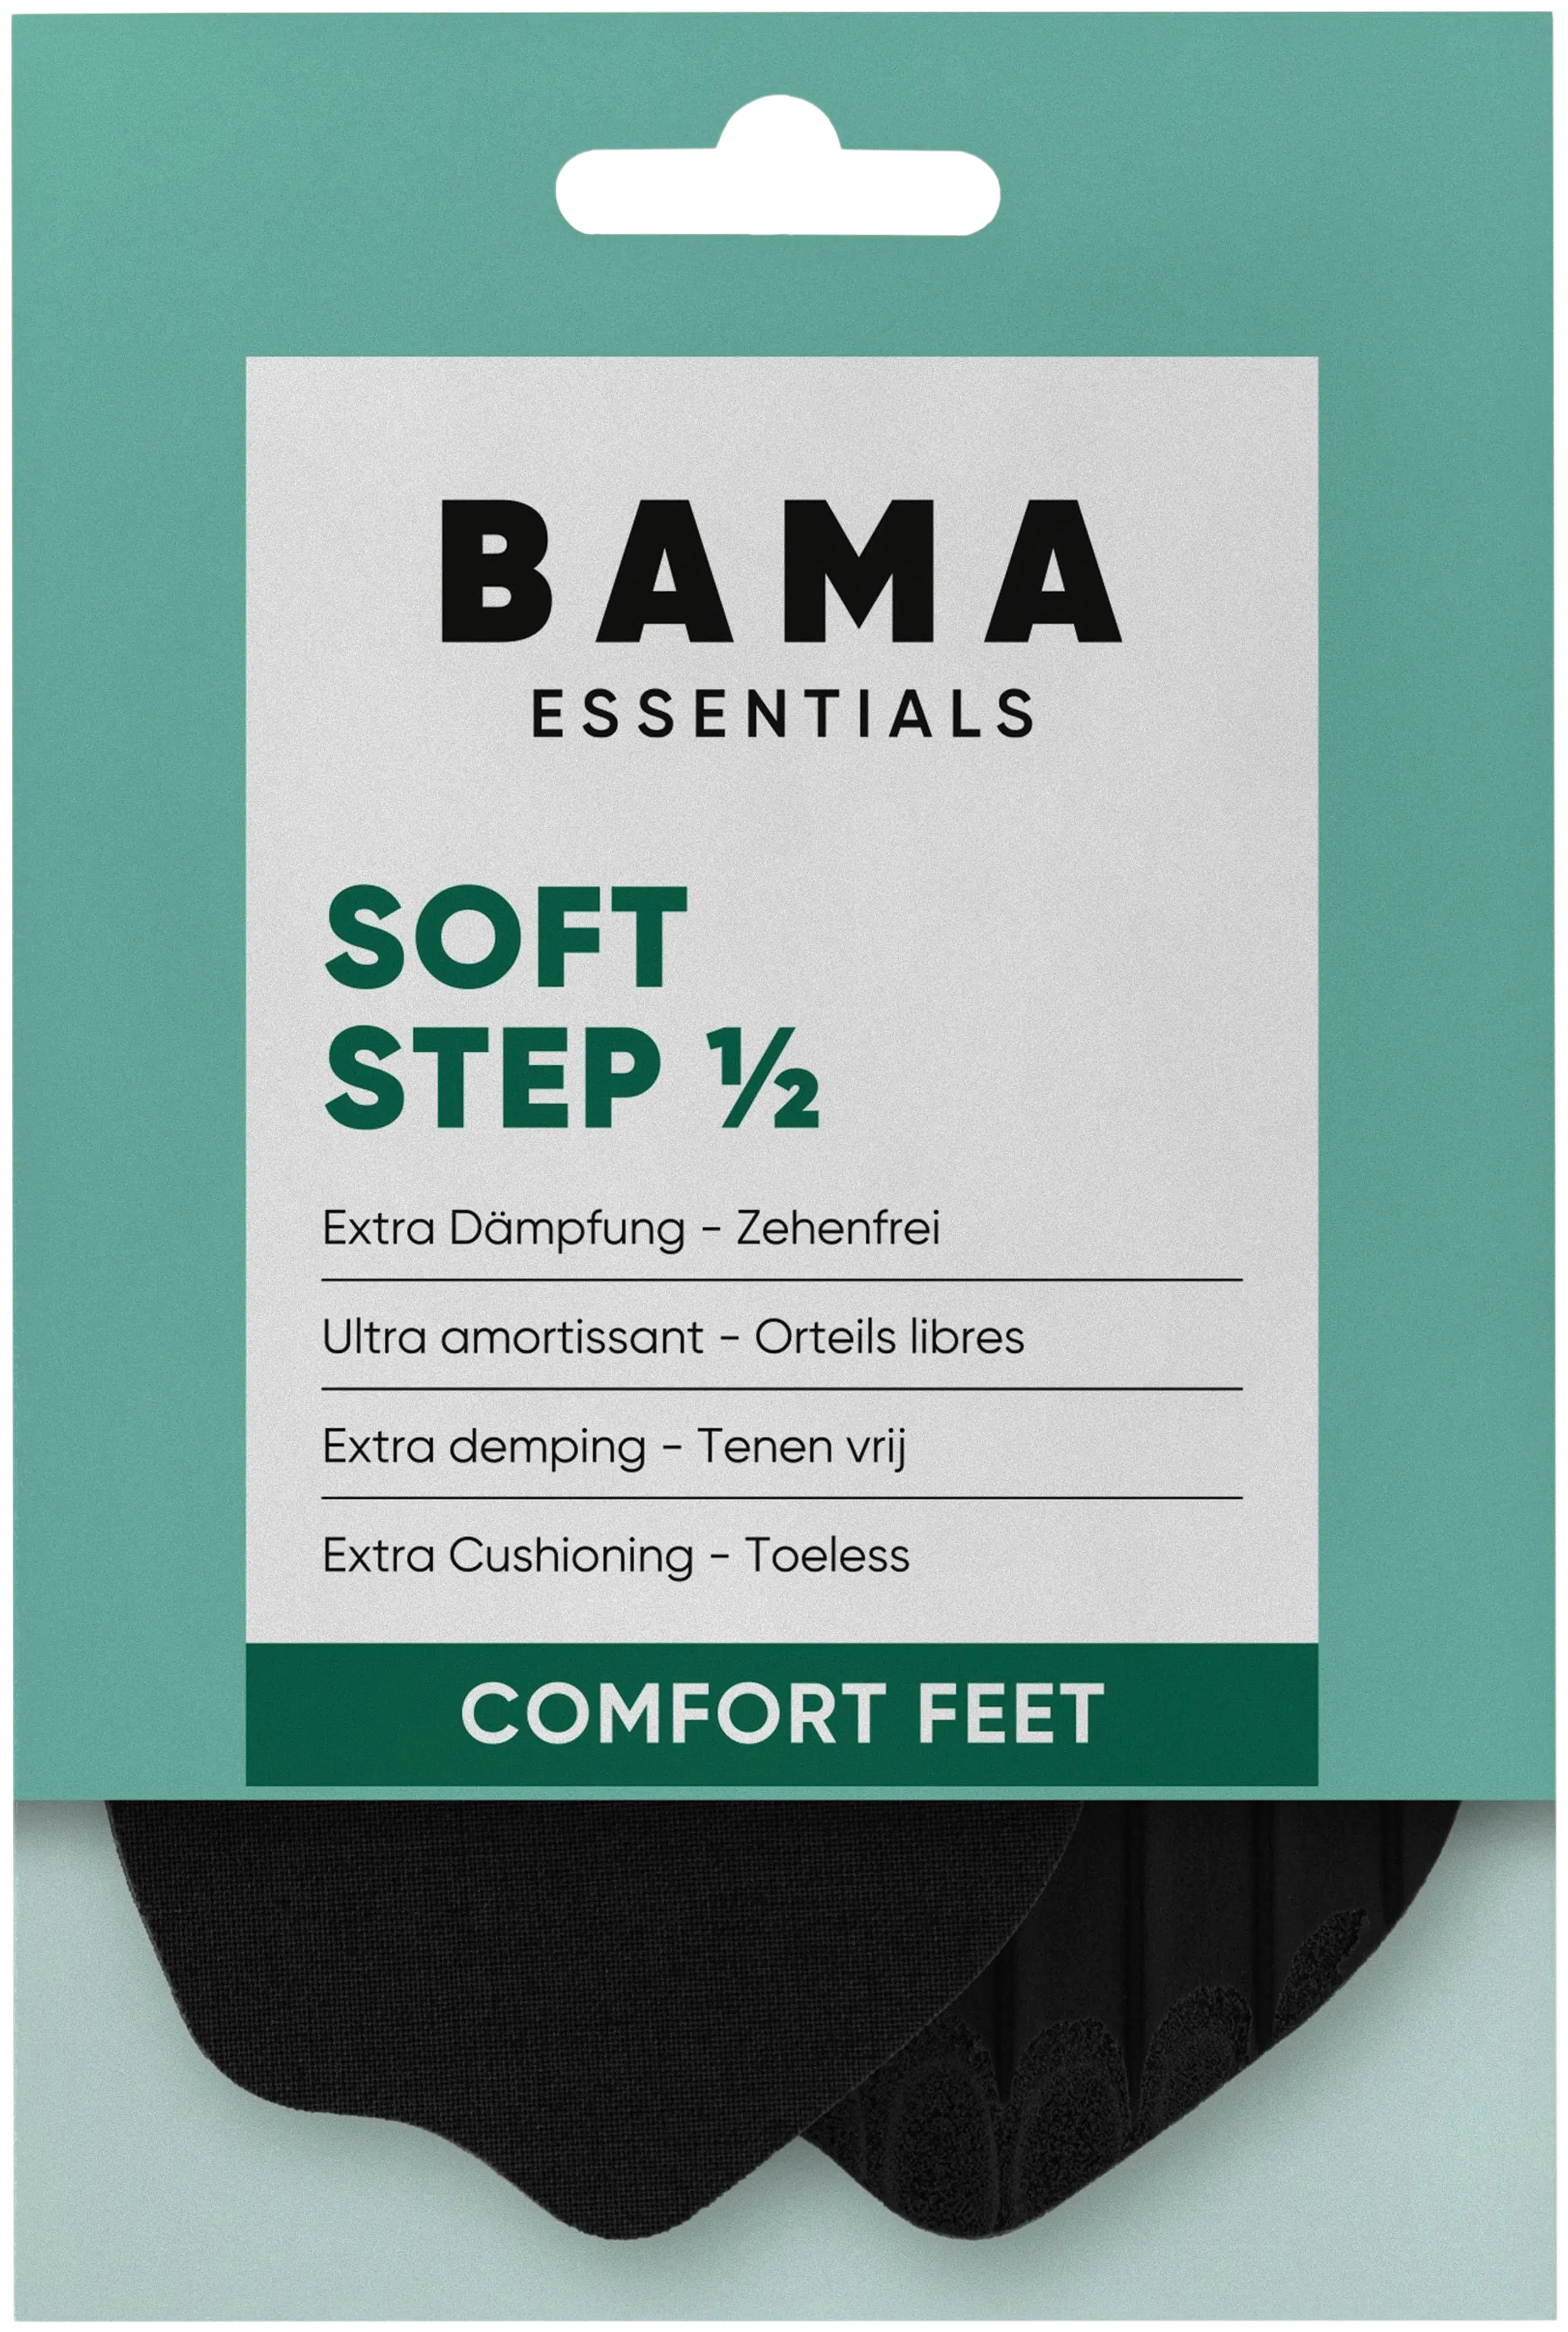 BAMA Soft Step Half 37/38
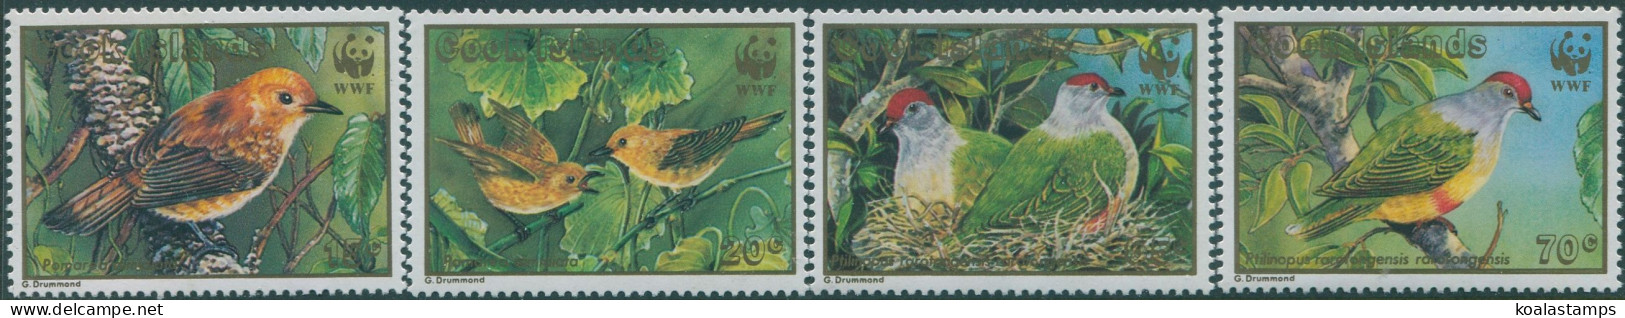 Cook Islands 1989 SG1222-1225 Endangered Birds Set MNH - Islas Cook
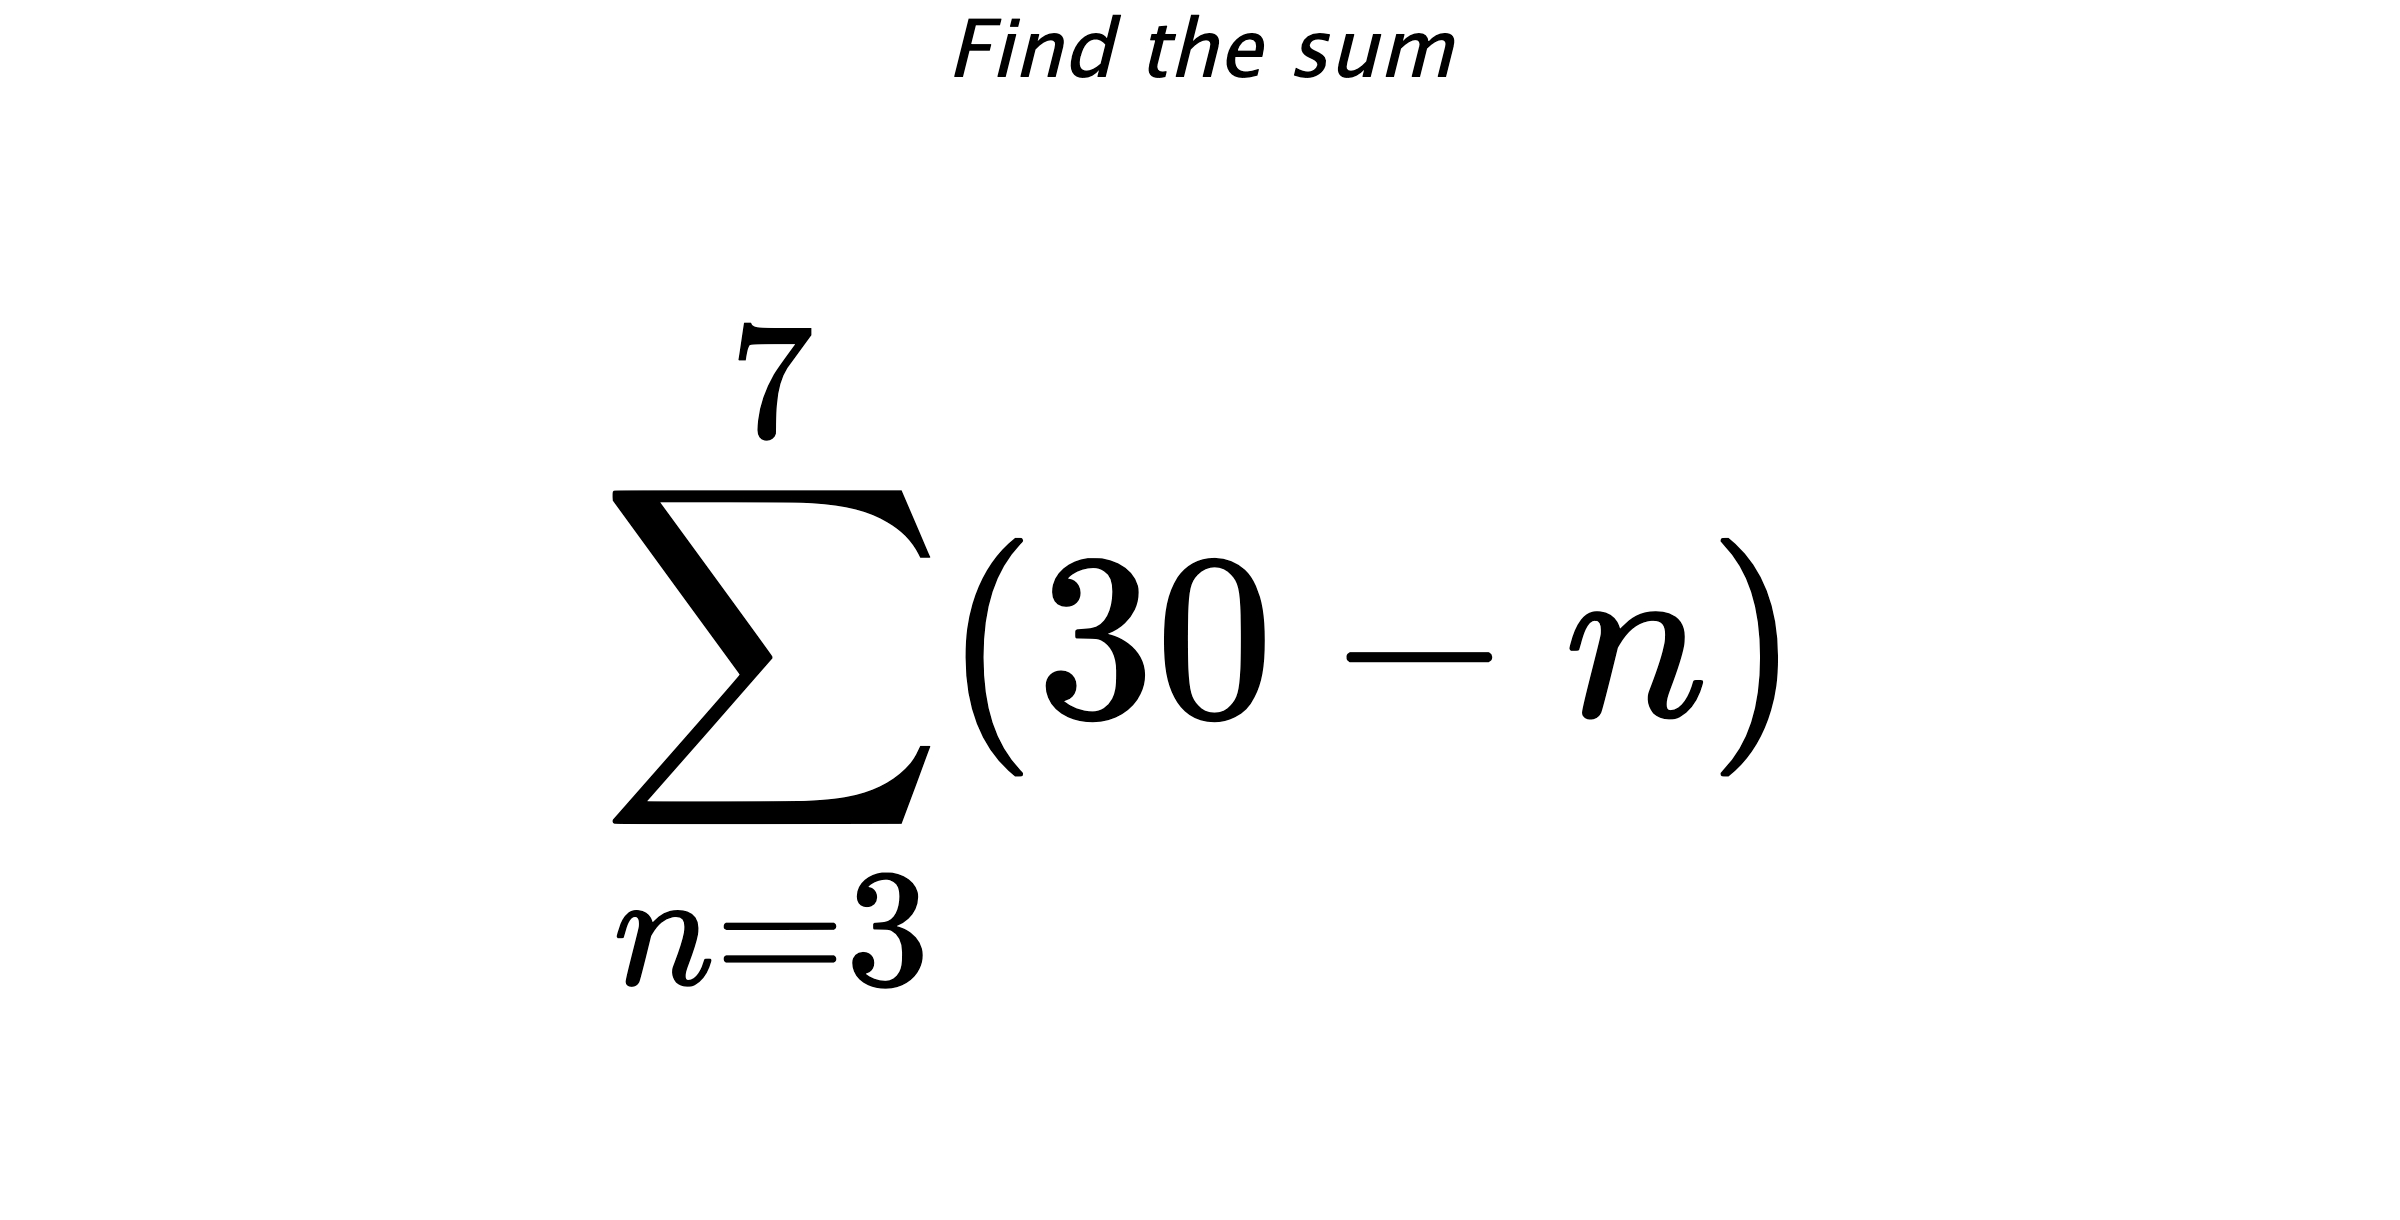 Find the sum $$ \sum_{n=3}^{7} (30-n)$$

Activity |
Would you copy out all the data exactly, without the images?

Solution for this task |
 BAMA Soft Step Half 37/38
 Cook Islands 1989 SG1222-1225 Endangered Birds Set MNH - Islas Cook
 Find the sum $$ \sum_{n=3}^{7} (30-n)$$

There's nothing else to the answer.